| Problem to solve |
Be exact. Print each record as it stands.

Stored records:
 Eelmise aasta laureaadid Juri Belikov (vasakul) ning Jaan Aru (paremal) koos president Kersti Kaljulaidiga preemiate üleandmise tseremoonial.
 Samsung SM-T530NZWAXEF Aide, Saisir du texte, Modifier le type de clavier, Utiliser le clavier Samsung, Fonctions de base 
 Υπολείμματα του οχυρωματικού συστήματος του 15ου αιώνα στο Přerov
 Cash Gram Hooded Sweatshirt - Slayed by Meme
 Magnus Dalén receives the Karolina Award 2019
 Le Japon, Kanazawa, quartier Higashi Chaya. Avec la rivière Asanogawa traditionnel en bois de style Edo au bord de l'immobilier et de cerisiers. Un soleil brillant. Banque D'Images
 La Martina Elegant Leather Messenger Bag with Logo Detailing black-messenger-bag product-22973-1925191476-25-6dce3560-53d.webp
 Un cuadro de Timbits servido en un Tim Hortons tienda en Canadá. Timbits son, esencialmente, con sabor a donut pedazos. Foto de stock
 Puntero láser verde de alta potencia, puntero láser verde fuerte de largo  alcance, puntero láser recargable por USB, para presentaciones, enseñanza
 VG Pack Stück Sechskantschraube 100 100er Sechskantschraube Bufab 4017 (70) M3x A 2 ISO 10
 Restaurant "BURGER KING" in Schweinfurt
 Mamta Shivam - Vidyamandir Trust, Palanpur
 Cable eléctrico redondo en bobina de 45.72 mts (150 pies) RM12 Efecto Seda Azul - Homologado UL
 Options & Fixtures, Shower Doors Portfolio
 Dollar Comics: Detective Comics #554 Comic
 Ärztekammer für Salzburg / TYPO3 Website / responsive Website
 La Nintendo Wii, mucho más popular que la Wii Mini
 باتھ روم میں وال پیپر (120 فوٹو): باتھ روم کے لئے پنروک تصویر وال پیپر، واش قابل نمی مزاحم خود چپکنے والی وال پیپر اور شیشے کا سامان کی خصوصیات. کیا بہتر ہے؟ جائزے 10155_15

| Written solution |
 Eelmise aasta laureaadid Juri Belikov (vasakul) ning Jaan Aru (paremal) koos president Kersti Kaljulaidiga preemiate üleandmise tseremoonial.
 Samsung SM-T530NZWAXEF Aide, Saisir du texte, Modifier le type de clavier, Utiliser le clavier Samsung, Fonctions de base 
 Υπολείμματα του οχυρωματικού συστήματος του 15ου αιώνα στο Přerov
 Cash Gram Hooded Sweatshirt - Slayed by Meme
 Magnus Dalén receives the Karolina Award 2019
 Le Japon, Kanazawa, quartier Higashi Chaya. Avec la rivière Asanogawa traditionnel en bois de style Edo au bord de l'immobilier et de cerisiers. Un soleil brillant. Banque D'Images
 La Martina Elegant Leather Messenger Bag with Logo Detailing black-messenger-bag product-22973-1925191476-25-6dce3560-53d.webp
 Un cuadro de Timbits servido en un Tim Hortons tienda en Canadá. Timbits son, esencialmente, con sabor a donut pedazos. Foto de stock
 Puntero láser verde de alta potencia, puntero láser verde fuerte de largo  alcance, puntero láser recargable por USB, para presentaciones, enseñanza
 VG Pack Stück Sechskantschraube 100 100er Sechskantschraube Bufab 4017 (70) M3x A 2 ISO 10
 Restaurant "BURGER KING" in Schweinfurt
 Mamta Shivam - Vidyamandir Trust, Palanpur
 Cable eléctrico redondo en bobina de 45.72 mts (150 pies) RM12 Efecto Seda Azul - Homologado UL
 Options & Fixtures, Shower Doors Portfolio
 Dollar Comics: Detective Comics #554 Comic
 Ärztekammer für Salzburg / TYPO3 Website / responsive Website
 La Nintendo Wii, mucho más popular que la Wii Mini
 باتھ روم میں وال پیپر (120 فوٹو): باتھ روم کے لئے پنروک تصویر وال پیپر، واش قابل نمی مزاحم خود چپکنے والی وال پیپر اور شیشے کا سامان کی خصوصیات. کیا بہتر ہے؟ جائزے 10155_15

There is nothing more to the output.